Além disso, o novo entendimento também vai de encontro ao já decidido pelo STJ, inclusive em sede de recurso repetitivo - que, registre-se, foi tirado da mesma recuperação judicial do acórdão sob análise, uma das maiores do país, seja em termos de endividamento, seja em termos de credores-, no intuito de privilegiar o princípio da igualdade entre credores. No âmbito do Tema Repetitivo 1.051/STJ, que tinha por objetivo fixar entendimento quanto à interpretação do art. 49, caput, da lei 11.101/05, "de modo a definir se a existência do crédito era determinada pela data de seu fato gerador ou pelo transito em julgado da sentença que o reconhece", o STJ considerou que "para o fim de submissão aos efeitos da recuperação judicial, considera-se que a existência do crédito é determinada pela data em que ocorreu o seu fato gerador."  Tal tese com efeitos vinculantes a todas as cortes nacionais apenas consolidou o entendimento do STJ quanto à data da ocorrência do fato gerador da obrigação ser o marco eleito pelo legislador no art. 49 da lei 11.101/05, e não a data do trânsito em julgado da sentença, no processo de conhecimento.

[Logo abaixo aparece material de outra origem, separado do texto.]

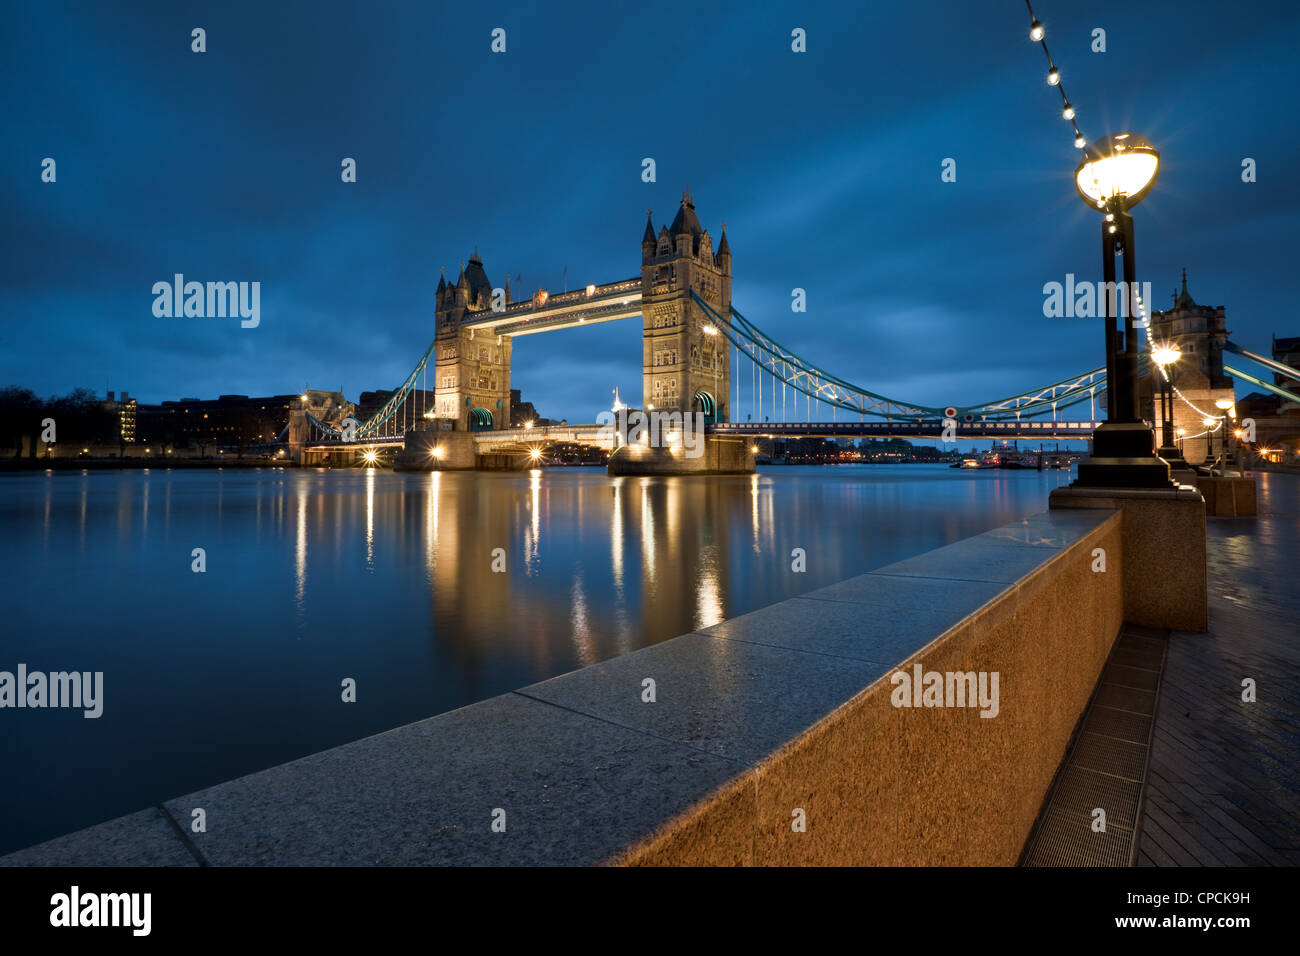 Night lights queens walk london - Tower Bridge Seen From Queen S Walk At Night London Stock Image

Adotar premissa diversa, como a perpetuação do entendimento contido no acórdão referente ao Recurso Especial nº 1.851.692/RS, implicará esvaziamento do instituto da recuperação judicial, até porque, em regra, as obrigações contidas no plano de obrigação se prolongam muito além da data de seu encerramento, de modo que os credores que optarem por não habilitar seus créditos de forma retardatária poderiam, por exemplo, pedir a falência da recuperanda em caso de não pagamento dos valores - integrais e sem qualquer novação - cobrados em demandas individuais.

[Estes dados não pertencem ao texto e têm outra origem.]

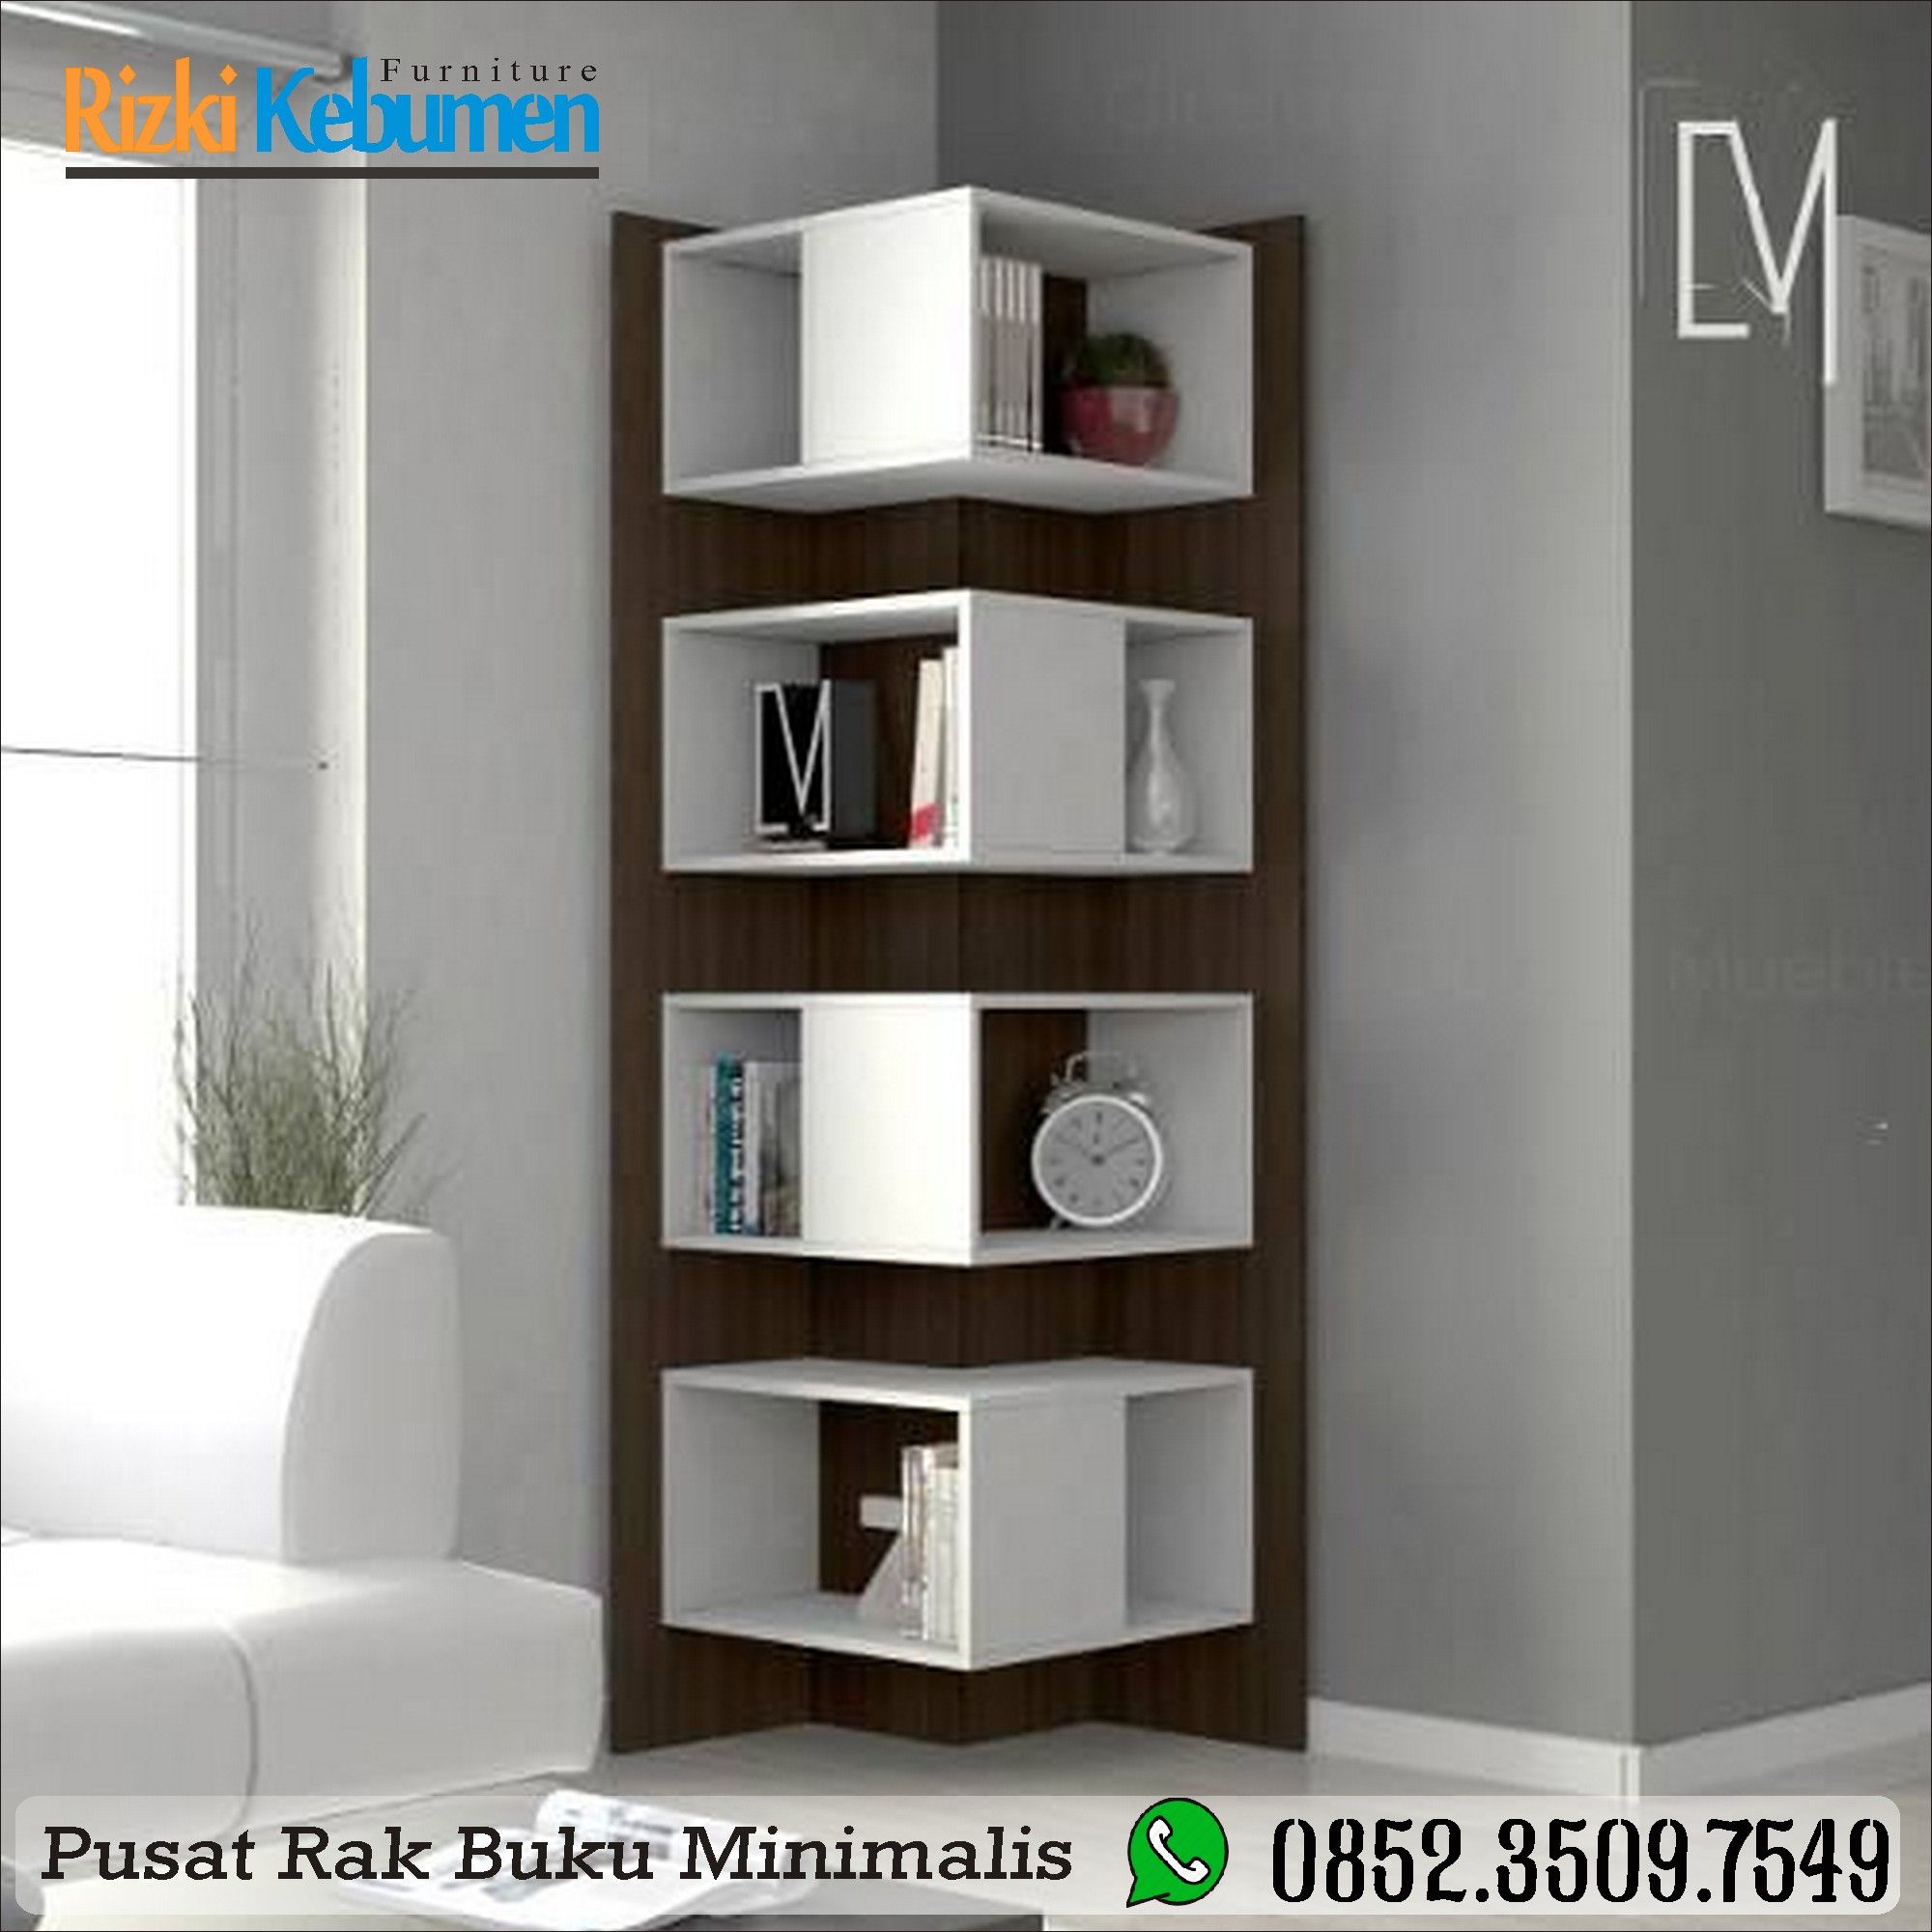 Rak buku custom bandung rak buku modern minimalis rak buku jambi rak buku merk expo informasi pemesanan no hp 0852 3509 7549 wa telf kami melayani

Ademais, a previsibilidade em relação ao passivo da companhia é de interesse de todos os envolvidos. O devedor precisa apurar seu passivo para apresentar um plano de recuperação condizente com sua realidade econômica, os credores precisam avaliar em assembleia geral de credores se as premissas de soerguimento apresentadas pela recuperanda são plausíveis e se, em consequência disso, irão aprovar ou não o plano de recuperação, bem como possuem interesse em verificar se a isonomia entre os credores está sendo mantida. A discussão também ganha contornos relevantes sob a ótica dos investidores, a previsibilidade é essencial para que seja avaliada a chance de sucesso da recuperação judicial e se eventual financiamento à devedora é viável.

Logo, conclui-se que a LRF, ao aludir a créditos existentes na data do pedido, pretendeu submeter aos ditames da Recuperação Judicial os débitos que especifica e que se refiram a fatos anteriores ao Pedido de Recuperação Judicial, logo, ainda que não vencidos, não sendo razoável que créditos abrangidos por tal marco não estejam sujeitos à novação e ao previsto no plano de recuperação aprovado pelos credores e homologado judicialmente.

Permitir tal cenário - que credores que foram arrolados espontaneamente pela recuperanda estejam sujeitos à novação e ao plano e credores concursais que não foram arrolados fiquem livres para seguir com demandas individuais - cria distorções em relação aos credores que deveriam ser enquadrados na mesma classe e não foram, as quais não podem ser admitidas no âmbito recuperacional, no qual vigora o princípio da igualdade entre os credores "par conditio creditorum.

Dessa forma, entende-se que a não inclusão de créditos existentes na data do pedido de recuperação judicial não poderá tornar tal credor indiferente aos efeitos do plano de recuperação. Ainda que exista uma faculdade quanto à apresentação ou não da habilitação de crédito, isso não significa que tal crédito estará alheio aos efeitos do plano aprovado e homologado. Eventual entendimento diverso irá colocar determinados credores em situação de privilégio, o que não admite a lei 11.101/05.

Assim, confia-se que tal entendimento contido no Recurso Especial 1.851.692/RS será oportunamente refinado para que, ainda que se reconheça que cabe ao credor a faculdade de habilitar ou não seus créditos, isto não significará que os efeitos do plano de recuperação não irão lhe atingir. Entendimento diverso irá desnaturar os objetivos do instituto da recuperação judicial, prejudicando todos os envolvidos.